MyraBaba commented 6 years ago

Hi, I installed a ubuntu VM and start over all including MKL installation.

UbuntuVM worked like a charm no problem.

The problem is Mac OS X. I installed MKL and all required lib but dlib couldnt pick the lib. There is something missed. I spend almost whole day until decide to move ubuntu.

But Mac OS X dlib and Intel MKL is really pain in the ass..

If there is a solution I would be very appareciated..

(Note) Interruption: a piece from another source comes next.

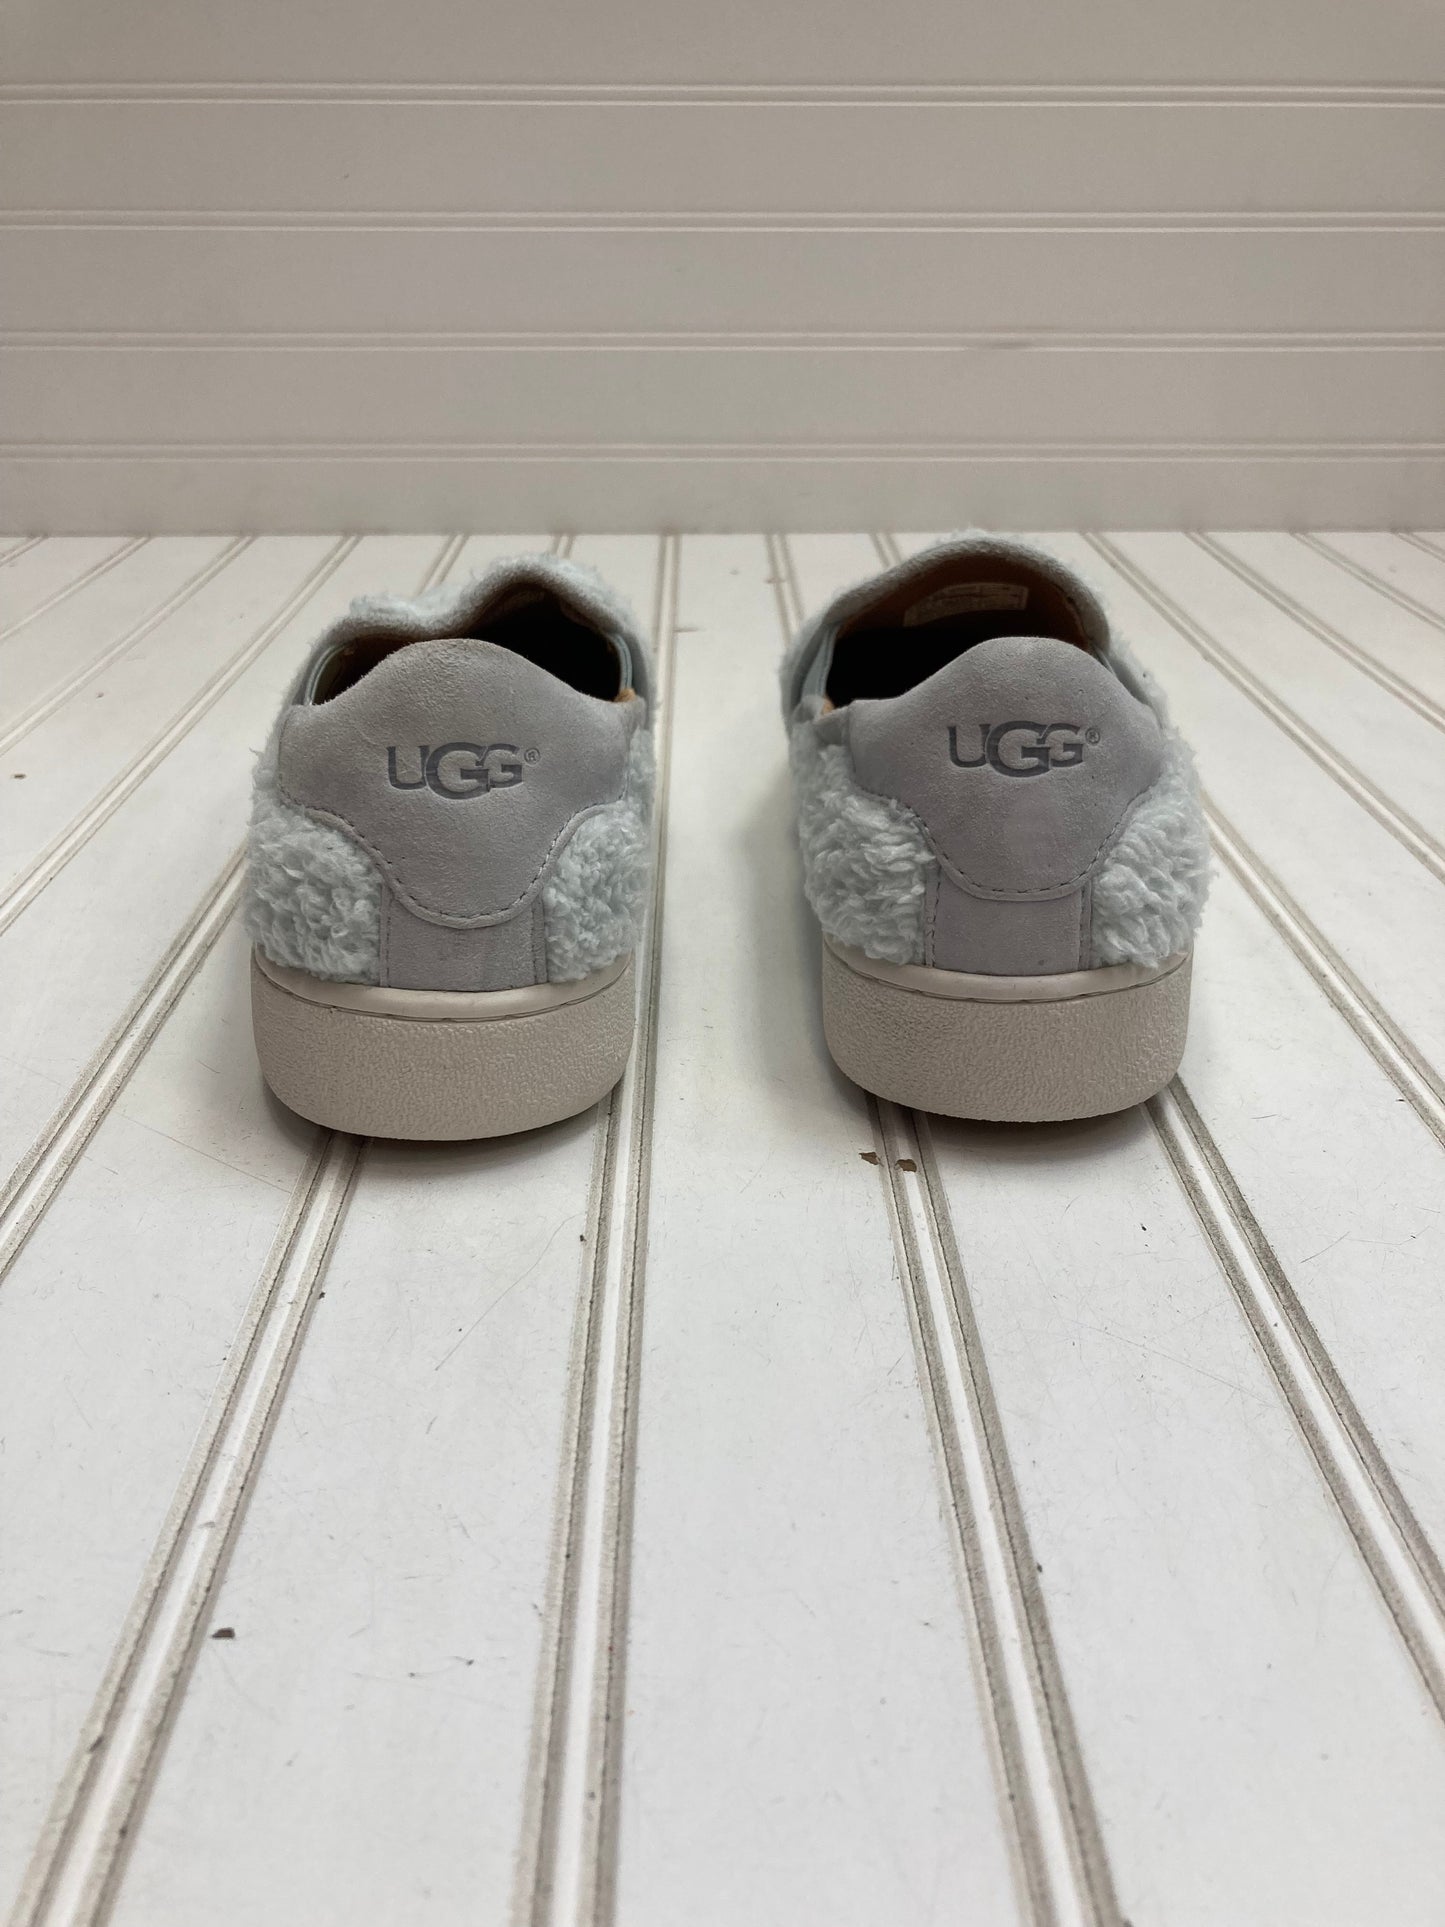 Blue Shoes Sneakers Ugg, Size 7.5

Do we need to open a new issue for this ?

thx

davisking commented 6 years ago

You need to fill out the issue template if you want help. Also, http://dlib.net/faq.html#Itdoesntwork

dlib-issue-bot commented 6 years ago

Warning: this issue has been inactive for 252 days and will be automatically closed on 2018-09-07 if there is no further activity.

If you are waiting for a response but haven't received one it's likely your question is somehow inappropriate. E.g. you didn't follow the issue submission instructions, or your question is easily answerable by reading the FAQ, dlib's documentation, or a Google search.

dlib-issue-bot commented 6 years ago

Notice: this issue has been closed because it has been inactive for 257 days. You may reopen this issue if it has been closed in error.